My model is identical to the one described in the paper (at least, I think it is).

def build_model(self, agent_history_length):
        # 4 greyscaled 84*84 images as an input
        inputs = keras.Input(shape=(agent_history_length, 84, 84))
        l1 = keras.layers.Conv2D(
            filters=32,
            kernel_size=(8, 8),
            strides=(4, 4),
            activation=keras.activations.relu,
            name="cnn_1",
            padding="same",
        )(inputs)
        l2 = keras.layers.Conv2D(
            filters=64,
            kernel_size=(4, 4),
            strides=(2, 2),
            activation=keras.activations.relu,
            name="cnn_2",
            padding="same",
        )(l1)
        l3 = keras.layers.Conv2D(
            filters=64,
            kernel_size=(3, 3),
            # stride=(1, 1),
            activation=keras.activations.relu,
            name="cnn_3",
            padding="same",
        )(l2)
        flatten = keras.layers.Flatten()(l3)
        l4 = keras.layers.Dense(
            512,
            activation=keras.activations.relu,
            name="dense_1"
        )(flatten)
        # for every action, there is an output
        outputs = keras.layers.Dense(
            self.num_actions,
            activation=keras.activations.relu,
            name="output"
        )(l4)
        optimizer = keras.optimizers.RMSprop(learning_rate=self.learning_rate, rho=.99, momentum=.95)
        model = keras.Model(inputs=inputs, outputs=outputs)
        self.model = model
        # use rmsprop (as used in Human-level control through deep 
        # reinforcement learning)
        self.model.compile(optimizer=optimizer, loss=tf.keras.losses.MeanSquaredError())

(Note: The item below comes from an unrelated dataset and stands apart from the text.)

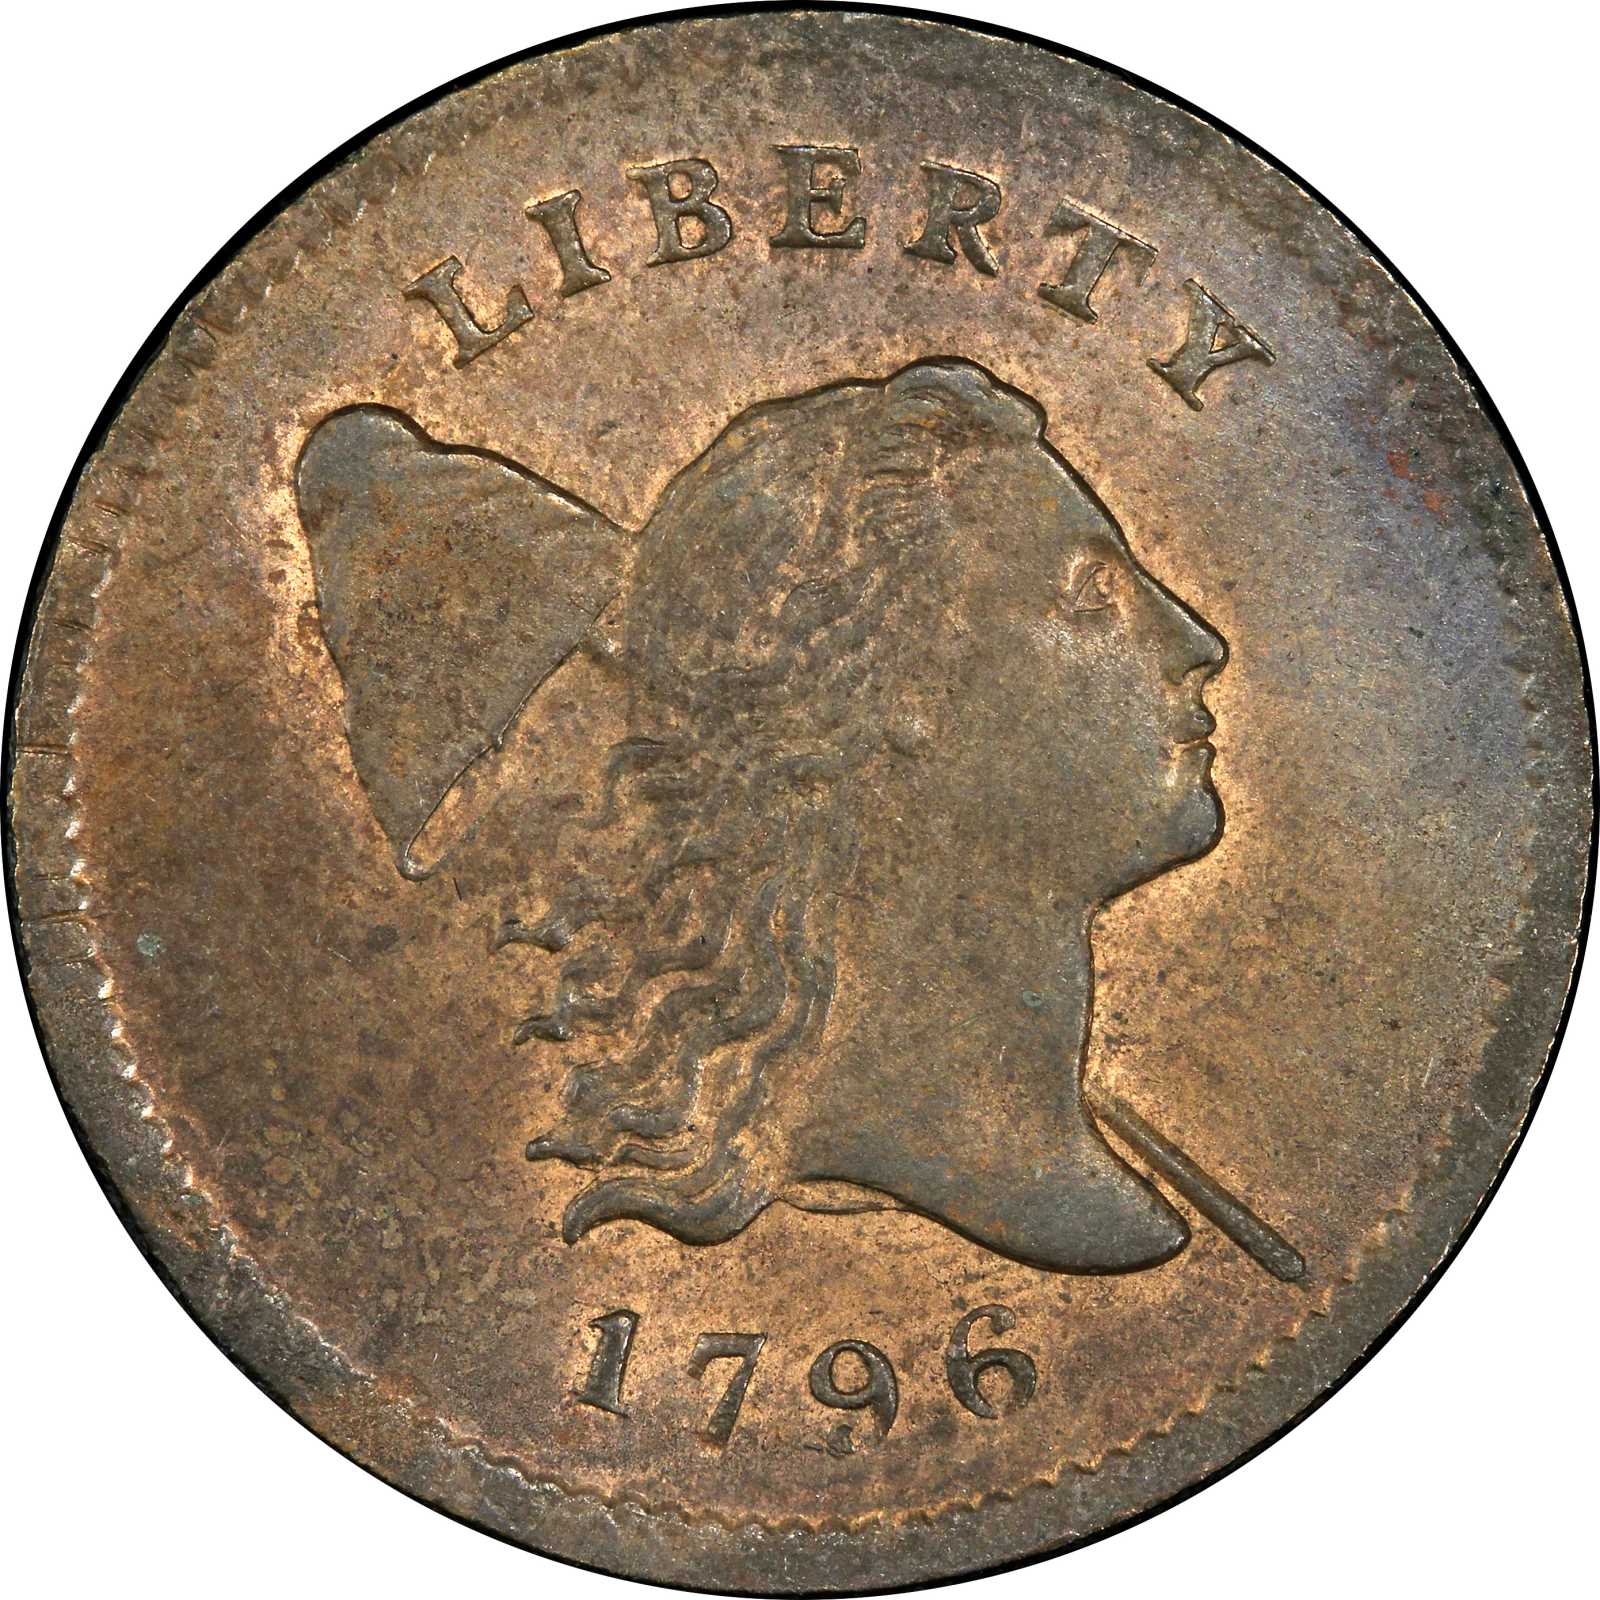 Download 1796 Liberty Cap Half Cent. Cohen-2. Rarity-4+. With Pole. MS-66 RB (PCGS). | Stacks Bowers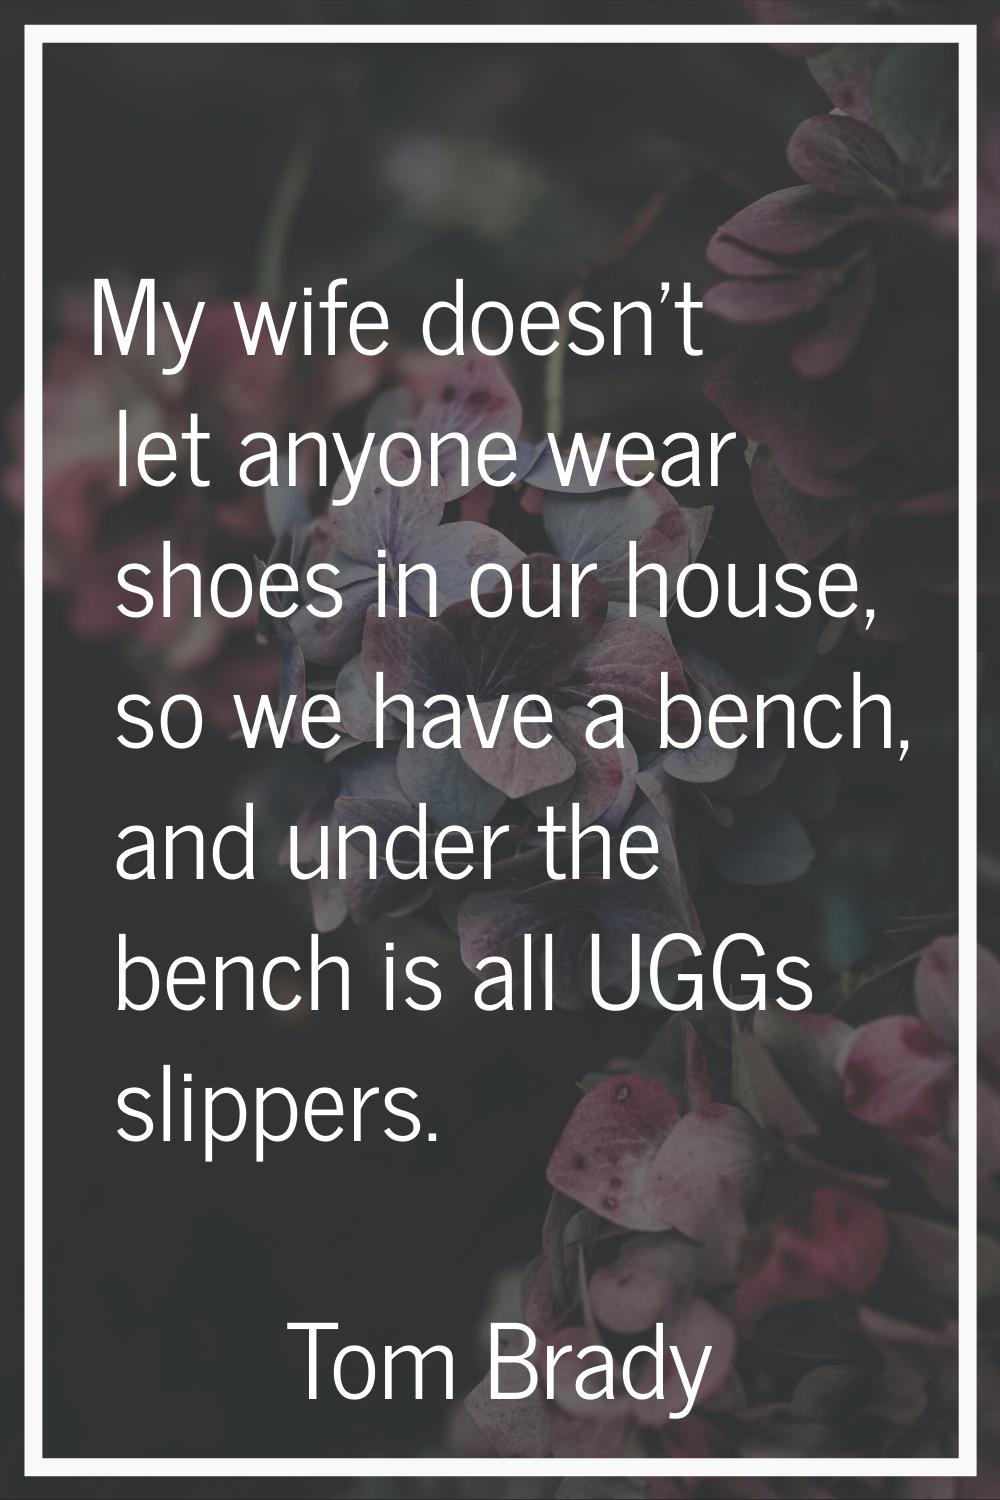 My wife doesn't let anyone wear shoes in our house, so we have a bench, and under the bench is all

My training function should be the same as described in the paper too.

def learn(self):
        # retrieve 32 samples
        s, a, r, s_, d = self.experience_memory.pop()
        if s is None:
            return

        q_vals = self.network.model.predict(s)

        # retrieve the next expected maximum reward (from target network)
        q_vals_next = self.target_network.model.predict(s_)

        # y_values
        q_target = q_vals_next.copy()

        batch_index = [x for x in range(batch_size)]

        # bellman equation
        q_target[batch_index, a] = r + gamma * np.max(q_vals_next) * (1-d)

        self.network.model.fit(s, q_target, verbose=0)

        # update the target network every 10 episodes
        if self.current_step % (episode_steps * 10) == 0:
            self.target_network.model.set_weights(self.network.model.get_weights())

Something is off and I can’t find the cause. I’d be very grateful if someone could point me in the right direction.